Boxer’s approach has restored Service Experts to profitability, with eight percent revenue growth per year. 

Service Experts was struggling the first time he took it over in 2003.  At that time Boxer was president of Lennox Industries, the $1.4 billion North American division of Lennox International Inc., the big heating and air conditioning manufacturer based in Richardson.

Service Experts had been founded in 1996 and purchased in 2000 by Lennox, which was gathering local service companies through acquisitions and had assembled 225 outlets.

Boxer says he returned the company to profitability in that go-around by selling off companies doing new construction and large commercial installations, and “narrowing our fairway” to home and light commercial sales and service.
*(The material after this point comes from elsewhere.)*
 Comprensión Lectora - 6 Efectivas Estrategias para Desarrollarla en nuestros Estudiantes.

That alone is a gigantic market, and today Service Experts owns a 1 to 2 percent share. 

Boxer, 65, learned the AC business from the ground up. As a teenager coming of age in Bergen County, New Jersey, he’d take summer jobs in local factories. When he was 16 he worked in a factory that made rooftop air conditioners, wiping down the units before they were shipped. The following year he moved up to applying insulation to the panels. “The factory wasn’t air-conditioned, so you can imagine,” he says. 

The plant managers learned that Boxer was studying engineering at the University of Rhode Island, so every summer they hired him as an engineering aide. “When I graduated, one of the companies that came to campus to recruit was York [Heating & Air Conditioning],” Boxer recalls. “Forty-five years later, I’m still in the industry.” 
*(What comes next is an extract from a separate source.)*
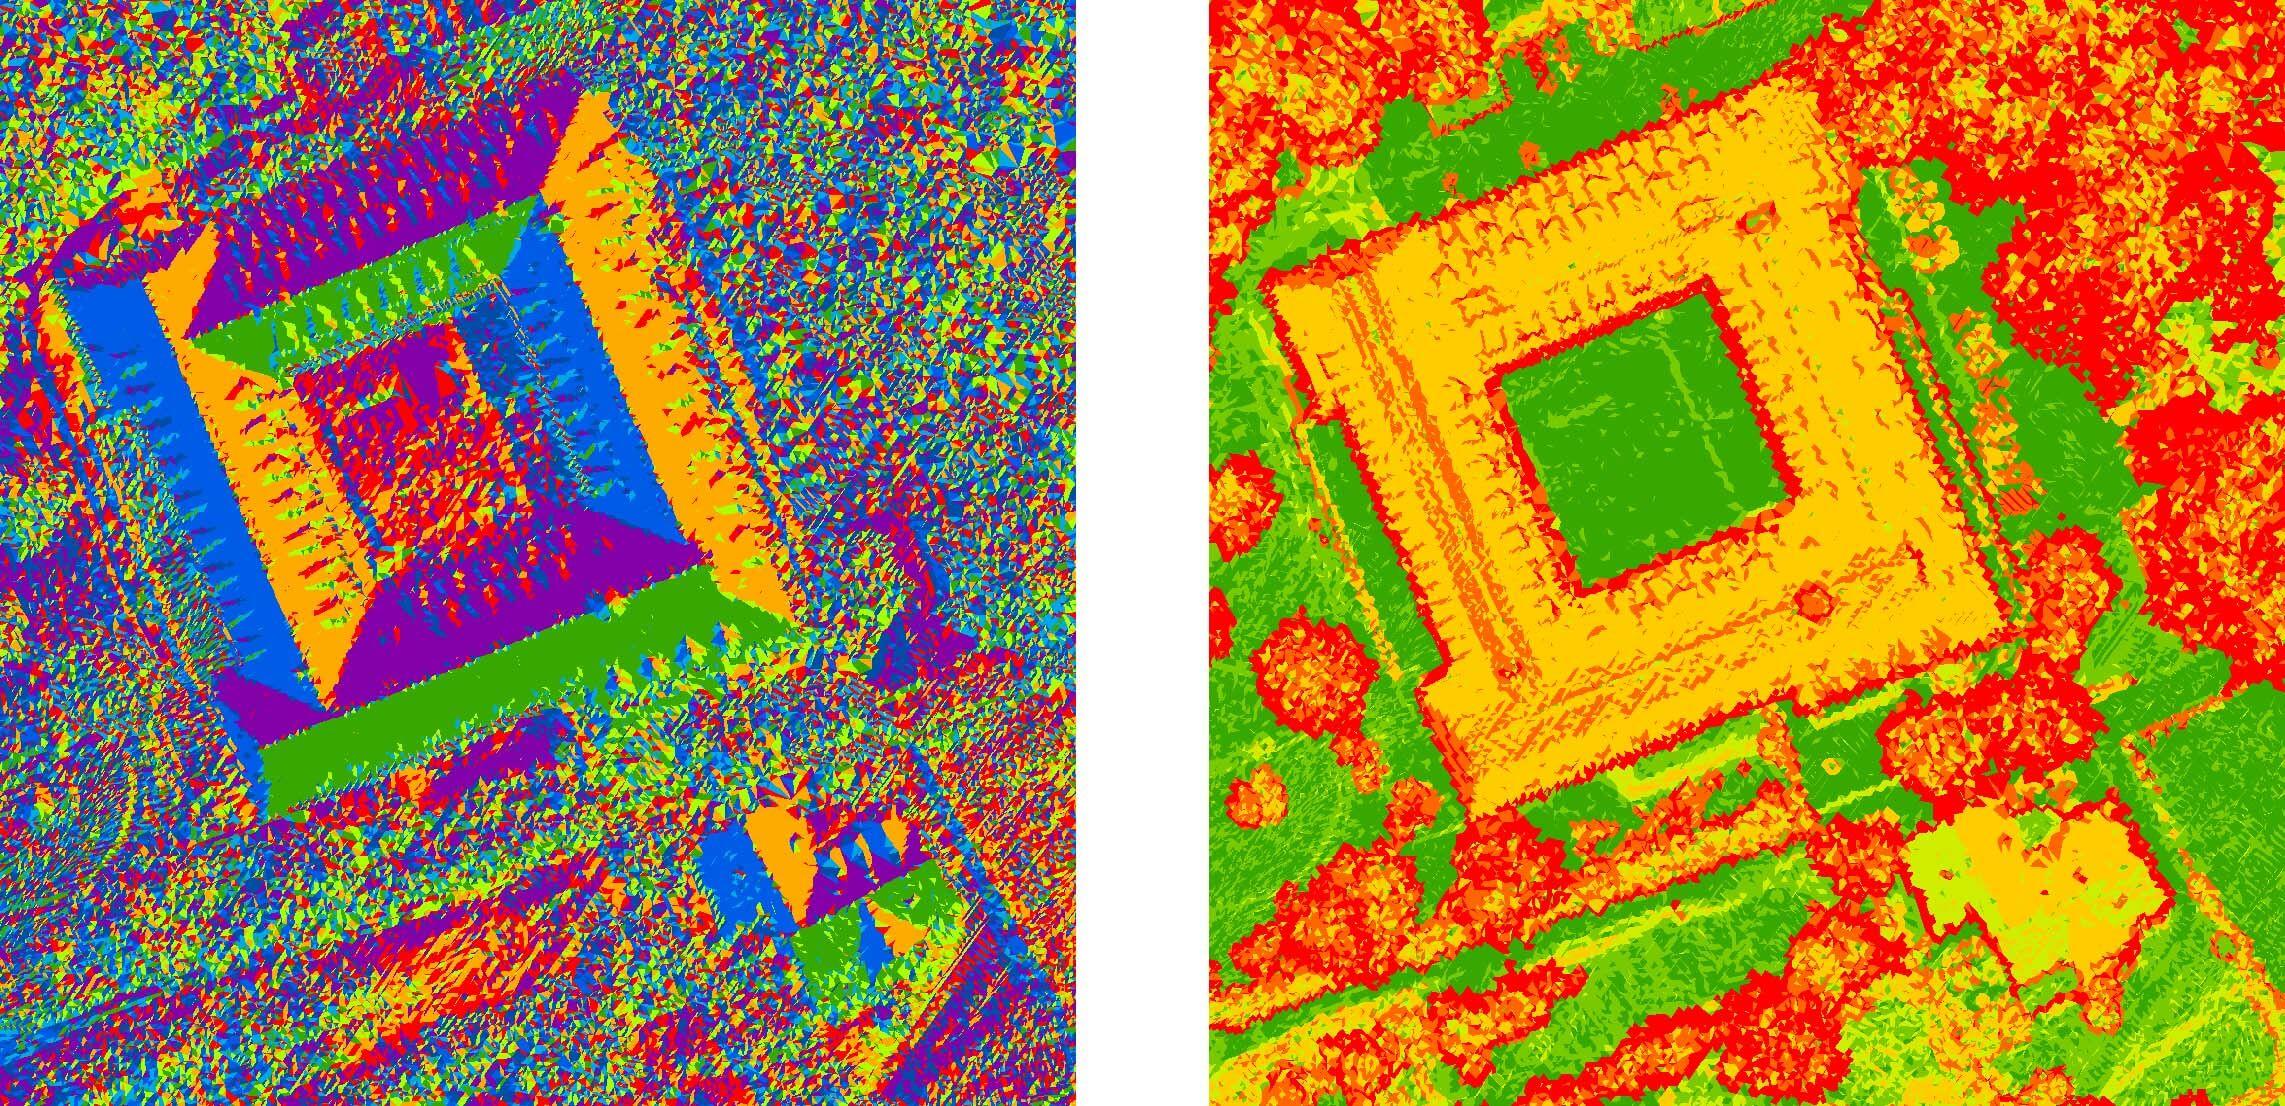 Rys. 5. Mapa ekspozycji i spadków dachów wygenerowana w oprogramowaniu LP360 w celu określenia optymalnej lokalizacji kolektorów słonecznych.

Boxer advanced through a number of senior management positions for York and spent more than a decade abroad directing European and Asian businesses for both York and Lennox. He “retired” in 2010, at a time when the Service Experts unit he’d been running was stable and profitable.

Over the next three years, though, the company’s profits turned to losses, and it began losing money—more than $30 million over two and a half years.

Boxer, who says he remains a shareholder and major customer of Lennox, says Lennox always found it somewhat aggravating to own a service and installation company while trying to sell equipment to roughly 6,000 other independent contractors competing for the same home sales and service business. “When it started underperforming, and because of that strategic reason, they decided to put the company up for sale,” he says.

Lennox received $10.4 million cash when it sold Service Experts to Washington, D.C.-based American Capital, according to filings. Boxer says he bought 10 percent of the company at the outset and insisted that his management team be allowed to buy in on the same terms. They purchased another 8 percent.

Boxer, who’s married and has an adult daughter, says playing a lot of golf in retirement got his handicap down to 12. Still, he decided to trade in the leisure time for 10- and 12-hour days at Service Experts.

The company had lost accountability at the local level and lost customers after it dropped its local legacy names in 2011. “People recognize us again,” Boxer told one trade publication after he restored the sidelined names. Within eight months, same-store sales were up 7 percent and the company was once again profitable.

Service Experts’ advantage in competing against companies operating just a handful of trucks starts with volume pricing. Boxer says he is Lennox’s biggest customer, buying $50 million worth of equipment a year.

Another safeguard he’s built into the company is the separation of sales and tech work. Some companies combine those functions, with “selling techs” working on commission with a strong incentive to oversell, he says. Separating repair diagnostics from sales provides something of a check and balance. Boxer says he wants his company to build trust and repeat business so customers will feel confident when they need to make an expensive repair or buy new equipment.

“Talk to anyone here, and I think they will tell you it’s a healthy organization,” says Anne Crowe, Service Experts’ vice president and general counsel.  “I’m huge on ethics and Scott also thinks that way.”

Crowe says Boxer has a common touch, as though his days at the New Jersey factory weren’t very long ago. “When he goes into one of our centers, people feel like he’s talking to them and cares about them, and he really does,” she says. “That’s unusual for a CEO.”